Public wire-contract models (Finding, ReadinessReport, CheckMetadata, EvidencePacket, etc.) live under agents_shipgate.schemas.* — that is the stable consumer API. Internal scan/domain containers live under agents_shipgate.core.* and are not a stable import surface.

`ScanContext` (`core/context.py`)

Frozen value object passed to every check function: the loaded manifest, the agent, the flattened+enriched tools, the config path, and the loaded API/ framework artifacts. Checks must not mutate it. A sibling VerificationContext (populated only by verify or scan --changed-files) carries the diff/base signals the SHIP-VERIFY-* trust-root checks read; a plain scan leaves it absent, so those checks emit nothing.

`Tool` (`schemas`)

Carries the union of fields a check might inspect: name, description, source_type, schemas, parameters, annotations, auth scopes, risk_hints, owner, extraction confidence. Source-specific fields (HTTP method, MCP annotation hints) live under annotations.

`Finding` (`schemas`)

Required fields: check_id, title, severity, category, recommendation, provenance_kind. Optional: tool_id, tool_name, agent_id, evidence (free-form dict), confidence, source (SourceReference). Set after creation: id, fingerprint, suppressed, suppression_reason, baseline_status, blocks_release. provenance_kind (static_declaration | ast_extraction | keyword_heuristic | regex_heuristic | policy_pack) is a reviewer-triage signal only — it never gates release; blocks_release (v0.16+) is the explicit policy-blocking bit set by Action Surface Diff and policy-pack rules.
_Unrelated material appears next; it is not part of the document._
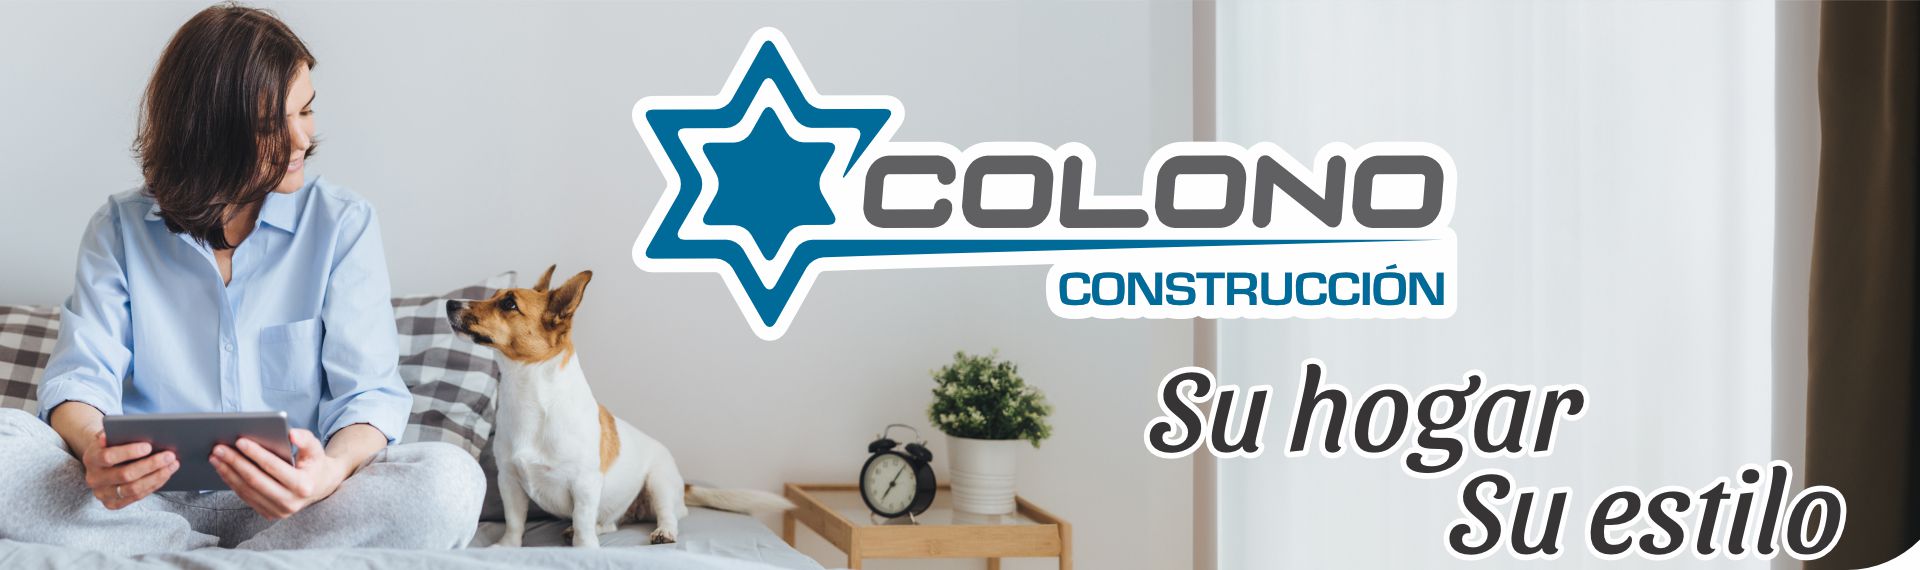 Colono Construccion - LIJADORA VIBRACIÓN 1/4 240W UPS2508/2408

`CheckMetadata` (`schemas`)

Used by list-checks / explain. Plugins attach a CheckMetadata (or compatible dict) as run.AGENTS_SHIPGATE_METADATA to register catalog entries. Carries floor_severity (a hard severity floor no override can cross) and dynamic_default (whether the emitted severity depends on manifest values; plugins may not set it).
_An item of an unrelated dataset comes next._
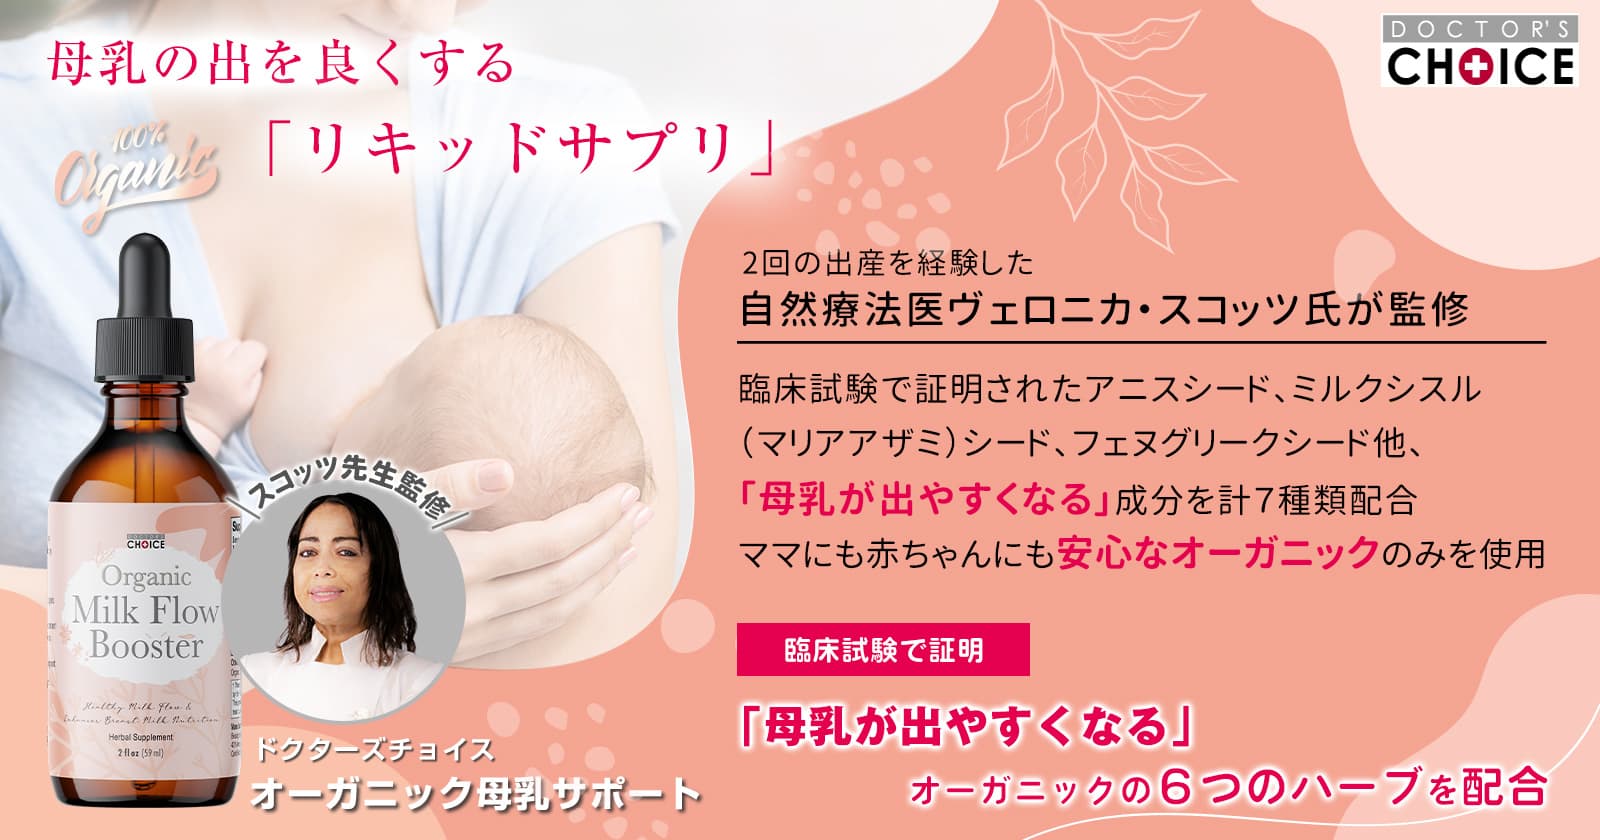 オーガニック母乳サポート:母乳の出を良くするリキッドサプリ。臨床試験で証明「母乳が出やすくなる」オーガニックの６つのハーブを配合

The release decision (`core/findings`)

The baseline-aware gate that turns the active finding set into release_decision.decision ∈ {blocked, review_required, insufficient_evidence, passed} plus blockers[] / review_items[] and a per-finding contribution_rules[] audit. This is the only release gate. summary.status is the legacy baseline-blind signal preserved for v0.7 callers — a baseline-matched critical produces summary.status = "release_blockers_detected" yet release_decision.decision = "review_required" (intentional divergence). New consumers read release_decision.decision; merge_verdict in verifier.json is a deterministic projection of it.

Risk-hint classifier (`core/risk_hints.py`)

The most heuristic-laden module. Critical implementation notes:

Tokenized keyword matching. Names/descriptions/scopes are split into word tokens (re.findall(r"[a-z]+", text.lower())) then intersected with module-level keyword sets. This avoids substring false positives ("deploy" matches the standalone token but not the substring inside "deployments").
Source-typed gating. The keyword classifier runs only for openai_api and sdk_function source types. OpenAPI-derived tools get read_only / write directly from HTTP method.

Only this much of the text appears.